In article <3BDEA54C.FD71A337 at sanger.ac.uk>,
Richard Durbin <rd at sanger.ac.uk> wrote:
>We have talked for some time about ways to support an alternative exon
>implementation for acedb/fmap more in line with what is standard
>elsewhere, i.e. having separate exon objects, with transcripts linking
>to the exons that they contain. Time to have this discussion with
>proposals in the open in the acedb newsgroup, I think.
Sounds like a good idea to me!
>Should we also support Intron objects? If so, would either exons or introns be
>acceptable, and what happens if both are given and they are inconsistent?
Storing introns as objects seems a slightly strange concept to me - my
mental model is that introns are "gaps". Certainly technologies such as
BioJava are modelling transcripts as lists of exon objects, and that's
how we modelled them at Incyte too.
>I hasten to add, for reasons of continuity, and because some people strongly like
>all the exon structure information being explicit in the transcript-type objects,
>I expect we will continue to support the current style.
Well something like this in ?Sequence
Source_exons Int Int ?Exon
would be backward compaible with current databases.
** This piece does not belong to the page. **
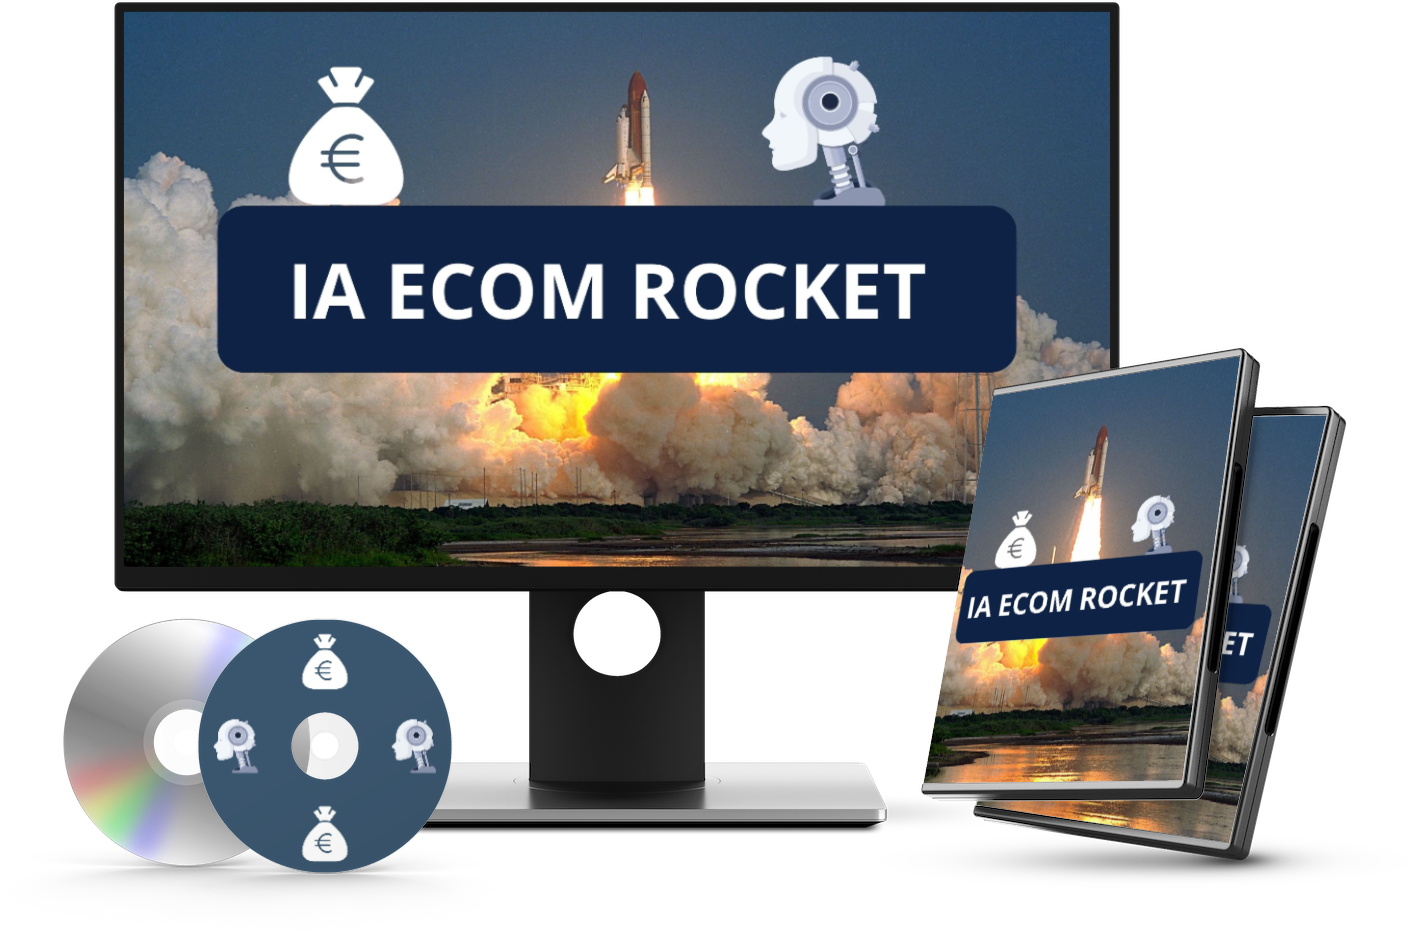 formation ia ecom rocket : Révolutionnez votre E-commerce en y passant 1 heure par jour grâce à l'IA

It works well in my
mind because it separates properties of the transcript (CDS etc, which
should indeed be properties of the ?Sequence object) from properties of
the exon itself (which probably aren't that numerous!).
I suppose you could add some XREFs so that exons could list which
transcripts they belong to, although as a rule I avoid throwing XREFs
around like confetti since they can drastically slow things down
(parsing large numbers of DNA_homol lines, anyone?!)
i.e. something like:
// in ?Sequence
Source_exons Int Int ?Exon XREF In_transcript
?Exon In_transcript ?Sequence
Sorry, might have the syntax wrong there - I don't have a copy of ACeDB
on my machine here at home.
Thoughts? My idea is pretty simple, but it certainly would solve my
needs, and maintains compatibility with current code.